For a heavy prog band which formed in 1969, QUATERMASS was somewhat unusual in that it only featured three members John Gustafson (bass, vocals), J. Peter Robinson (keyboards) and ex-Episode Six drummer Mick Underwood. Noticeably missing was a guitarist which is quite surprisingly since Underwood previously played with Blackmore in the Outlaws. QUATERMASS has and still does evoke a similarity to Deep Purple mainly because of the stellar prog keyboard performances in the vein of Jon Lord but QUATERMASS was a bit more experimental even though the nine tracks on its only album generally revolve around tight-knit melodic hooks and groovy bass riffs augmented by energetic rock drumming performances and virtuosic Hammond organ gymnastics which covered a lot of ground and made the band sound like a larger act than a mere power trio. Robinson also played piano, clarinet, harpsichord, synthesizers, a ring-modulator and crafted intricate string arrangements. Four guest musicians also added sounds of violins, violas, double basses and a cello. A 12-string guitar made a brief appearance on the near 10-minute track "Post War Saturday Echo."

For only having cranked out one album in its two year run, QUATERMASS did an exemplary job of making it count. The self-titled powerhouse featured an excellent and diverse collection of bluesy heavy rock that were taken over the top with Gustafson's strong and perfectly pitched rock styled vocals, very much in league with Robert Plant, Ian Gillan or any of the up and coming hard rock and proto-metal bands of the era. Add to that the compositions were of a very high caliber with not only excellent melodic hooks but a firm command of dynamics and a sense of bravado. The classical underpinning shined through but the focus on exuberant harder rock were fully realized and once again completely without the expected role of an electric guitar. With the keyboards picking up the slack, Robinson's genius was in how he crafted contrapuntal keyboard parts that delivered all the flamboyant lightning and thunder required for a hard rock band of 1970.

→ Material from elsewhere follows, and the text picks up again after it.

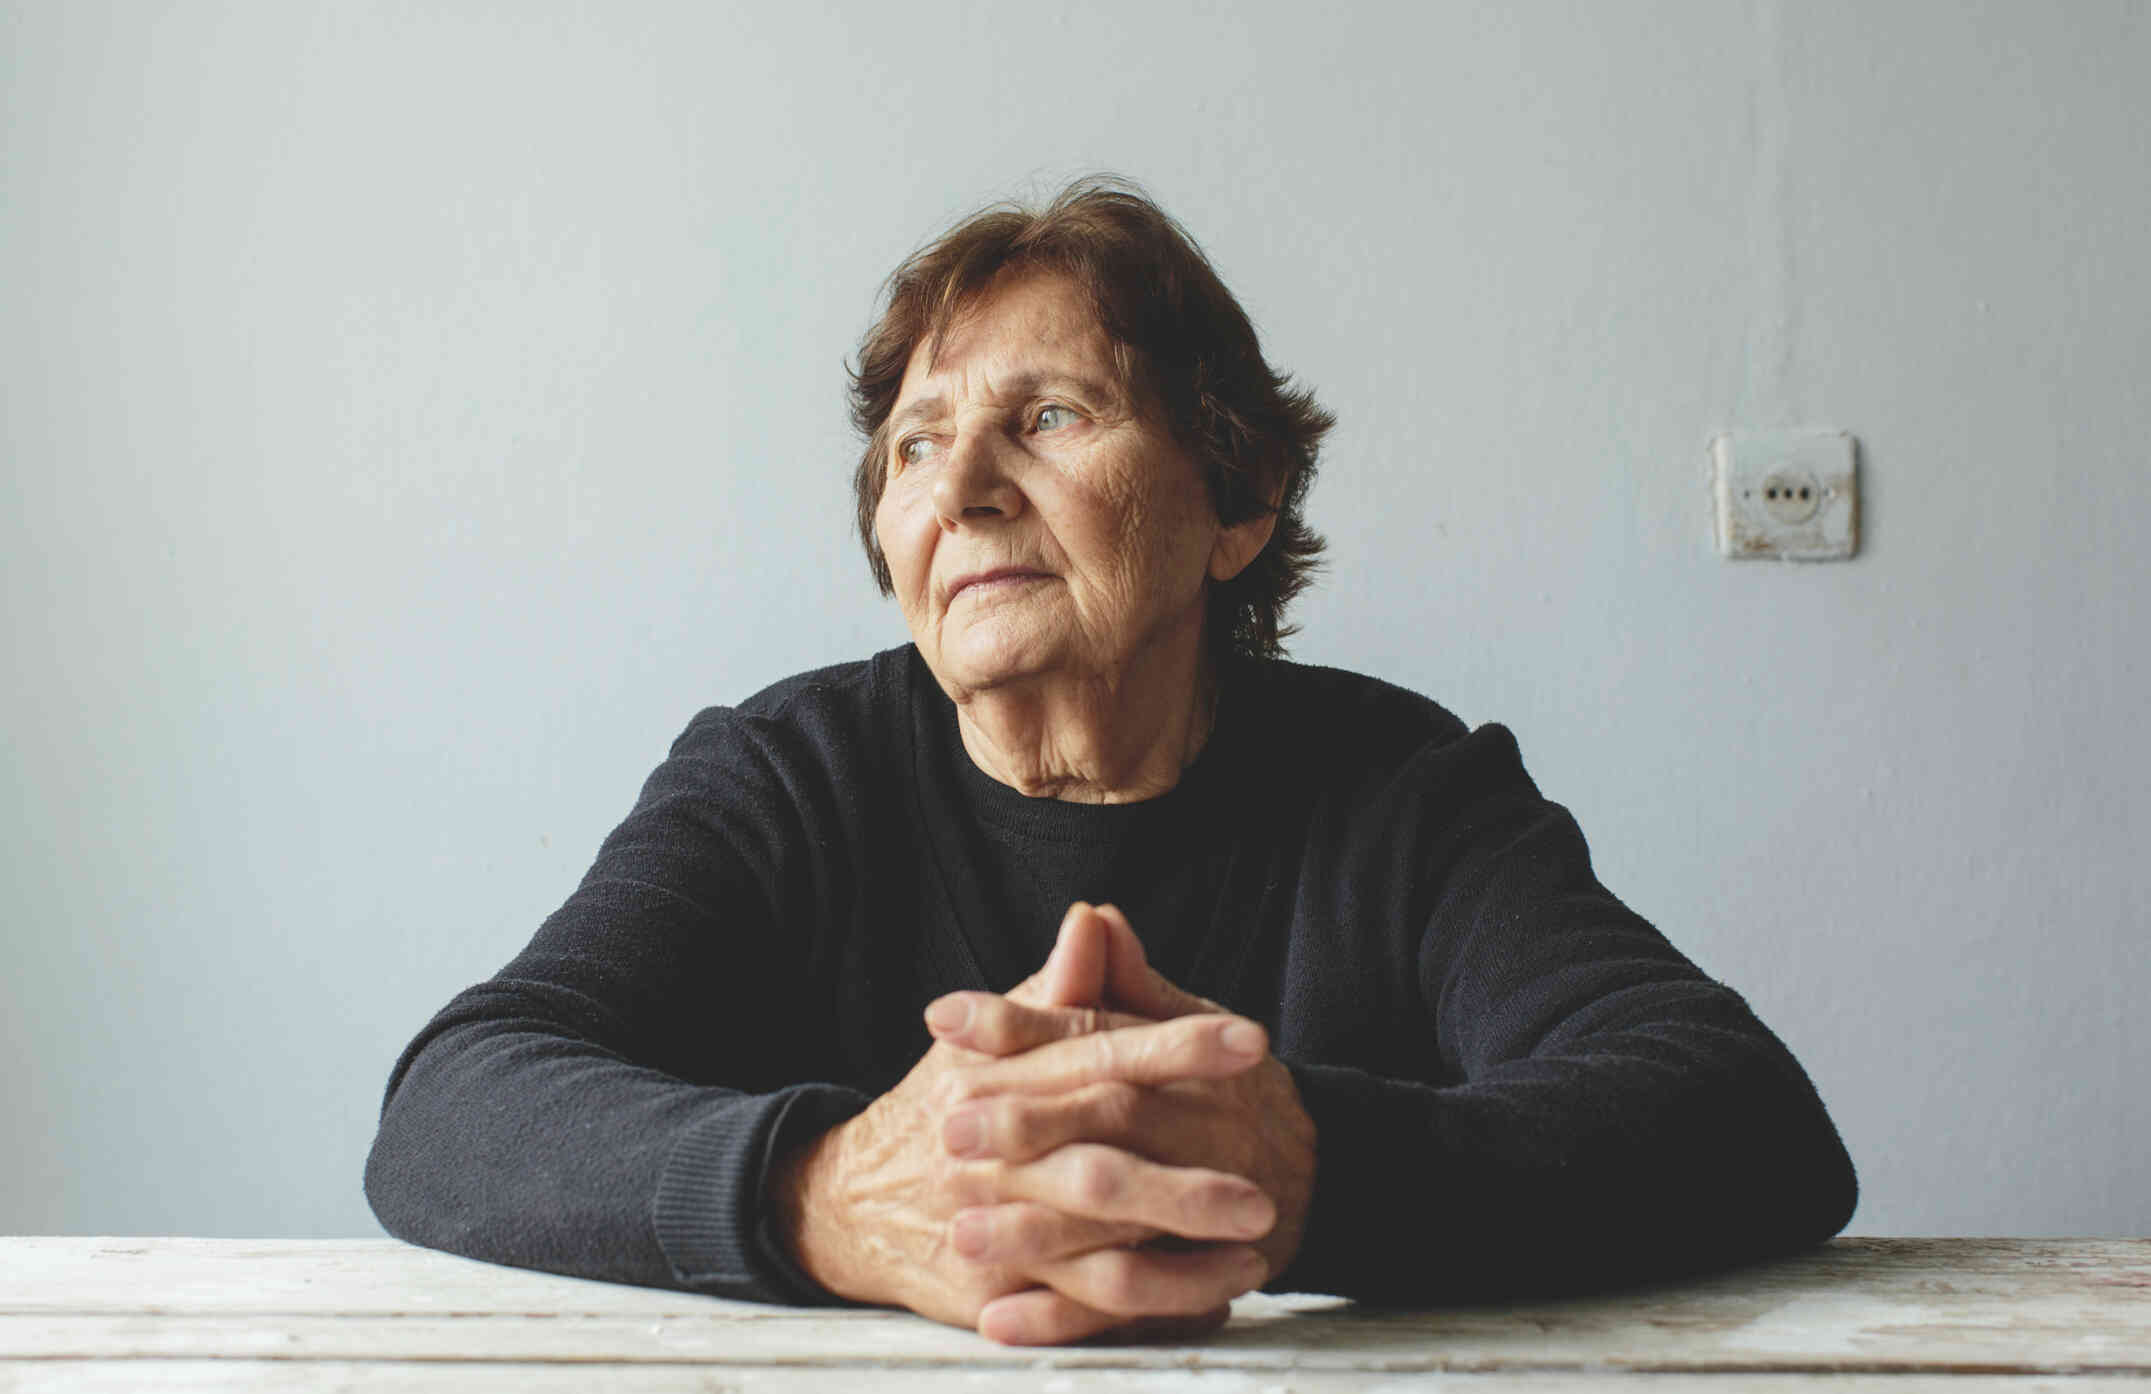 A mature woman in a black long sleeve shirt sits at a table and gazes off sadly while clasping her hands together.

While keyboard dominated prog rock bands were nothing out of the ordinary with The Nice and Emerson Lake & Palmer finding great success, QUATERMASS stood out as utterly unique in how it crafted instantly catchy melodically driven tunes with technically advanced twists and turns that even some fifty years down the road make this one-shot band a captivating listening experience. Just familiar sounding enough to instantly relate to bands like Deep Purple, Atomic Rooster, Uriah Heep or even Argent but clever enough to completely stand out with unexpected side stepping into wild experimental passages and a dynamic use of tones, textures and timbres primarily through the means of various keyboards however the Hammond organ is the star here and QUATERMASS has been described as "a keyboard dominated chunk of heavy progressive rock." Starting off with the rather Steppenwolf sounding "Black Sheep In The Family," the album drifts to the lysergic psychedelic soundscapes that incorporate modern classical and even Krautrock lysergia as the album ends.

When it comes to the roots of heavy metal, Black Sabbath, Led Zeppelin and Deep Purple are the clear godfathers of the movement but when looking for the roots of progressive metal then you clearly have to look beyond the obvious and dig a bit deeper where you'll find QUATERMASS as one of those early dabblers in all things progressive in a heavier than usual style alongside with Uriah Heep, T2, Lucifer's Friend, Atomic Rooster and Wishbone Ash. The band's cult status has only grown over the decades since this gem was released. Due to the renewed interest in the prog revival scene of the 1990s, Mick Underwood formed Quatermass II to try to cash in on the band's past glory but the album didn't live up to the magic that was present on this 1970 paragon of ingenuity. Personally i would actually prefer if there were some guitar parts as there are times when the mere presence of a guitarless trio leaves a bit of vacuous space however given what QUATERMASS was and how they presented themselves, this is indeed a unique specimen of excellence that has thankfully been redeemed over time.